TASK INSTRUCTIONS - Please give the records below back in full, exactly as shown.

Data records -
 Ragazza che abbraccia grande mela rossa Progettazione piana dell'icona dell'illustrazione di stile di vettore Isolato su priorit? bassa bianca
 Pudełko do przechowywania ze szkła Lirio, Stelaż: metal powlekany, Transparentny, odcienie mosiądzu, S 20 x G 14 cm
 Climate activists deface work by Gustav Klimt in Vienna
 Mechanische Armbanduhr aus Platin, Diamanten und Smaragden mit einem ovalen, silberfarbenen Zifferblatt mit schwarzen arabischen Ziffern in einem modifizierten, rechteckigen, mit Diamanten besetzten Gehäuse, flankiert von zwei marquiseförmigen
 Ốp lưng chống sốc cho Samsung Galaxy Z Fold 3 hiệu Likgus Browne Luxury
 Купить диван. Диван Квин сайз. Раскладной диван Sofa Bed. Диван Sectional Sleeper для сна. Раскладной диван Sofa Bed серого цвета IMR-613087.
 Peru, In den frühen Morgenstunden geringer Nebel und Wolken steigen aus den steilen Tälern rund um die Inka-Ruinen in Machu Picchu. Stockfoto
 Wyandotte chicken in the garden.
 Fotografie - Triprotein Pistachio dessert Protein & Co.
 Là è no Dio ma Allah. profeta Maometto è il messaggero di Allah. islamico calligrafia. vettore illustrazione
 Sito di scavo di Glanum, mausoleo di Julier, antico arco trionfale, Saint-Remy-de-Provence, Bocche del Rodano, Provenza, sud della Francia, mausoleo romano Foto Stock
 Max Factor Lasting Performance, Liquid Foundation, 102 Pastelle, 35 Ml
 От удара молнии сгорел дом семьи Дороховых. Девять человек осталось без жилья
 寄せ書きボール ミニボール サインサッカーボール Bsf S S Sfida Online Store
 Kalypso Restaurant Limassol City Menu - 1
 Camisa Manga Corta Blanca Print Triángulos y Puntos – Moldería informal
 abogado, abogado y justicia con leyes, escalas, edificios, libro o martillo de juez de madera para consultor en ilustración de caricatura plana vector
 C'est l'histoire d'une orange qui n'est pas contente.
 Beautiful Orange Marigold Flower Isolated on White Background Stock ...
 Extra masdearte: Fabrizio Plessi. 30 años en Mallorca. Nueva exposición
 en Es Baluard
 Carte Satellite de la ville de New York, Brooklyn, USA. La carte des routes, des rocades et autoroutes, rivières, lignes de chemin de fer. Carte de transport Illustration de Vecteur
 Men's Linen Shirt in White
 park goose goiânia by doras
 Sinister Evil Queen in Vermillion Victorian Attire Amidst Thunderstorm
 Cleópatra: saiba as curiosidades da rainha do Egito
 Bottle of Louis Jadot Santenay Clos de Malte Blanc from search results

COMPLETED TASK -
 Ragazza che abbraccia grande mela rossa Progettazione piana dell'icona dell'illustrazione di stile di vettore Isolato su priorit? bassa bianca
 Pudełko do przechowywania ze szkła Lirio, Stelaż: metal powlekany, Transparentny, odcienie mosiądzu, S 20 x G 14 cm
 Climate activists deface work by Gustav Klimt in Vienna
 Mechanische Armbanduhr aus Platin, Diamanten und Smaragden mit einem ovalen, silberfarbenen Zifferblatt mit schwarzen arabischen Ziffern in einem modifizierten, rechteckigen, mit Diamanten besetzten Gehäuse, flankiert von zwei marquiseförmigen
 Ốp lưng chống sốc cho Samsung Galaxy Z Fold 3 hiệu Likgus Browne Luxury
 Купить диван. Диван Квин сайз. Раскладной диван Sofa Bed. Диван Sectional Sleeper для сна. Раскладной диван Sofa Bed серого цвета IMR-613087.
 Peru, In den frühen Morgenstunden geringer Nebel und Wolken steigen aus den steilen Tälern rund um die Inka-Ruinen in Machu Picchu. Stockfoto
 Wyandotte chicken in the garden.
 Fotografie - Triprotein Pistachio dessert Protein & Co.
 Là è no Dio ma Allah. profeta Maometto è il messaggero di Allah. islamico calligrafia. vettore illustrazione
 Sito di scavo di Glanum, mausoleo di Julier, antico arco trionfale, Saint-Remy-de-Provence, Bocche del Rodano, Provenza, sud della Francia, mausoleo romano Foto Stock
 Max Factor Lasting Performance, Liquid Foundation, 102 Pastelle, 35 Ml
 От удара молнии сгорел дом семьи Дороховых. Девять человек осталось без жилья
 寄せ書きボール ミニボール サインサッカーボール Bsf S S Sfida Online Store
 Kalypso Restaurant Limassol City Menu - 1
 Camisa Manga Corta Blanca Print Triángulos y Puntos – Moldería informal
 abogado, abogado y justicia con leyes, escalas, edificios, libro o martillo de juez de madera para consultor en ilustración de caricatura plana vector
 C'est l'histoire d'une orange qui n'est pas contente.
 Beautiful Orange Marigold Flower Isolated on White Background Stock ...
 Extra masdearte: Fabrizio Plessi. 30 años en Mallorca. Nueva exposición
 en Es Baluard
 Carte Satellite de la ville de New York, Brooklyn, USA. La carte des routes, des rocades et autoroutes, rivières, lignes de chemin de fer. Carte de transport Illustration de Vecteur
 Men's Linen Shirt in White
 park goose goiânia by doras
 Sinister Evil Queen in Vermillion Victorian Attire Amidst Thunderstorm
 Cleópatra: saiba as curiosidades da rainha do Egito
 Bottle of Louis Jadot Santenay Clos de Malte Blanc from search results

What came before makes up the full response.